- Ce que c'est : un fichier texte placé à la racine d'un site (
/llms.txt), proposé fin 2024 par Jeremy Howard (Answer.AI), censé offrir aux IA un plan lisible et hiérarchisé du contenu d'un site. - L'adoption : elle reste marginale. Selon une étude SERanking de novembre 2025 portant sur près de 300 000 domaines, 10,13 % seulement disposent d'un llms.txt, avec un taux quasi identique quel que soit le trafic du site.
- L'effet mesuré : à ce jour, rien ne montre qu'avoir un llms.txt améliore les citations par ChatGPT, Gemini, Claude ou Perplexity. Les logs serveurs montrent que les robots IA ne le demandent quasiment jamais.

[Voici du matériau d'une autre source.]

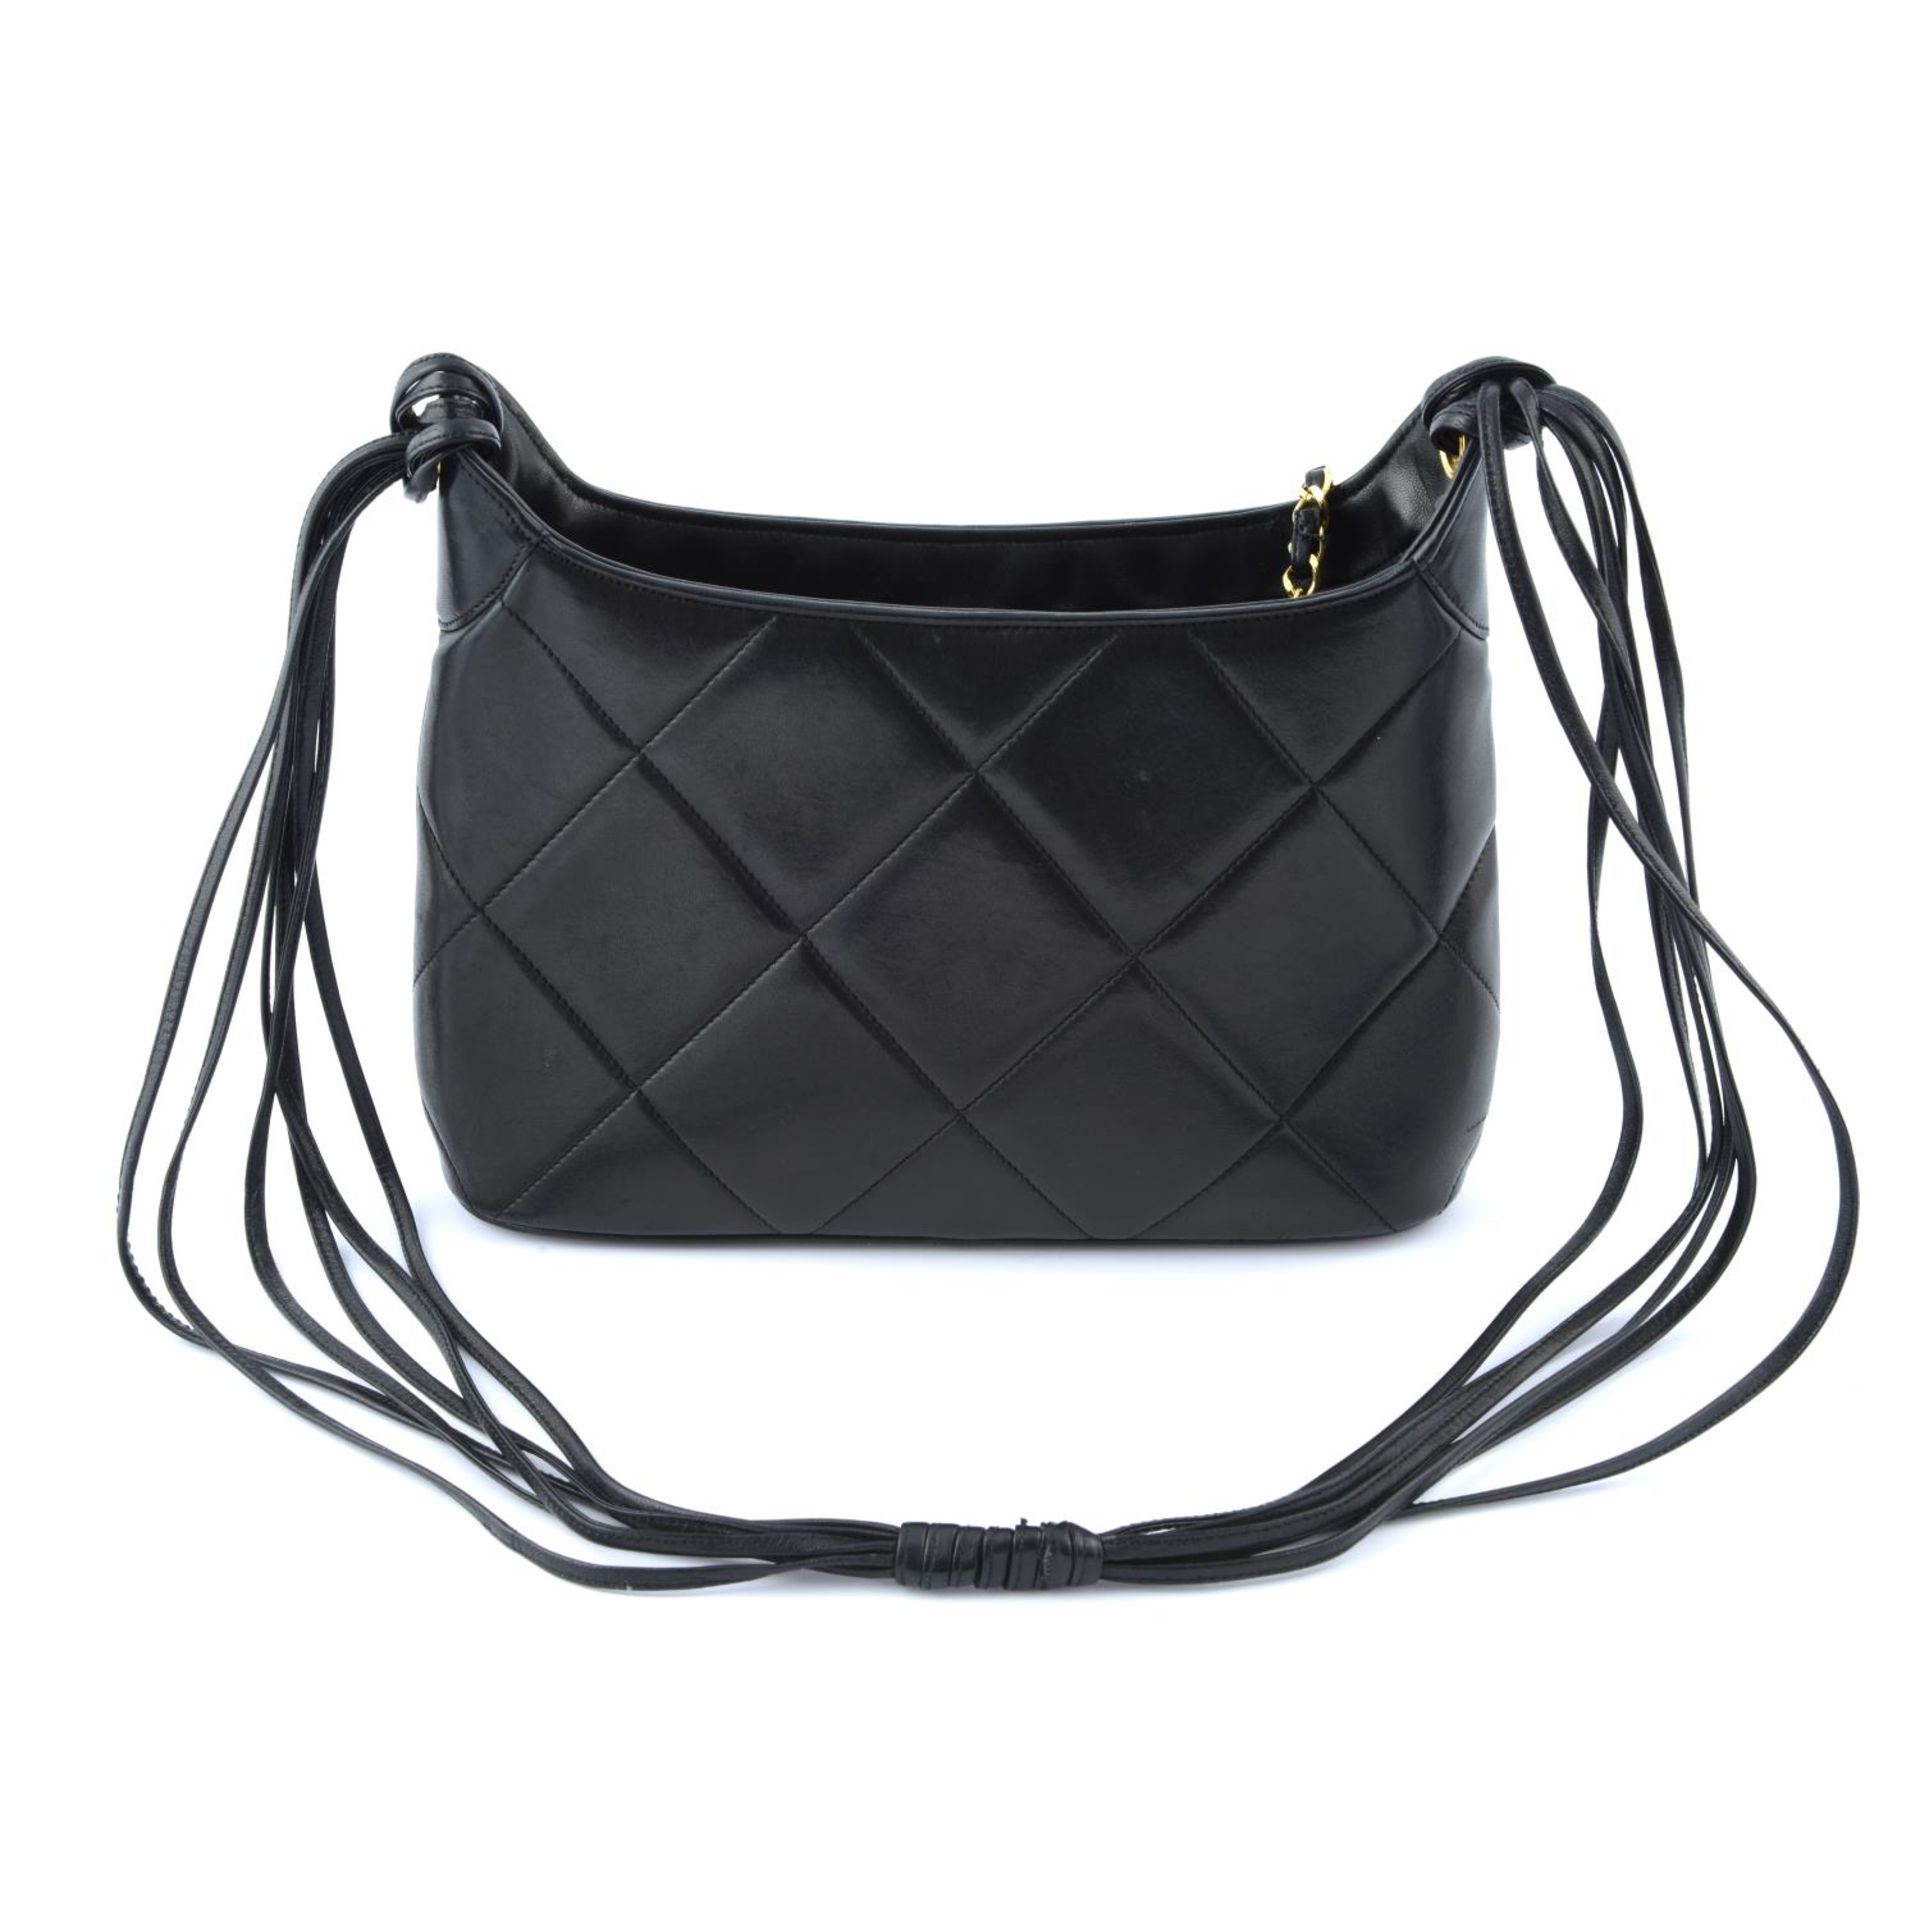 CHANEL - a black diamond quilted leather handbag. - Image 2 of 5

- La position de Google : John Mueller le compare à la balise meta keywords abandonnée, et indique que le moteur de recherche ne s'en sert pas. Nuance de mi-2026 : l'outil de Google lui-même, PageSpeed Insights, audite pourtant le llms.txt dans sa nouvelle catégorie « Navigation agentique ». Deux usages différents, pas une contradiction.
- Mon verdict : ce n'est pas nuisible, ça ne fait pas être cité, mais c'est en train de devenir une case à cocher du web agentique. À la mi-2026, en créer un propre devient un « pourquoi pas » un peu plus légitime qu'avant, sans jamais passer avant les leviers à effet démontré.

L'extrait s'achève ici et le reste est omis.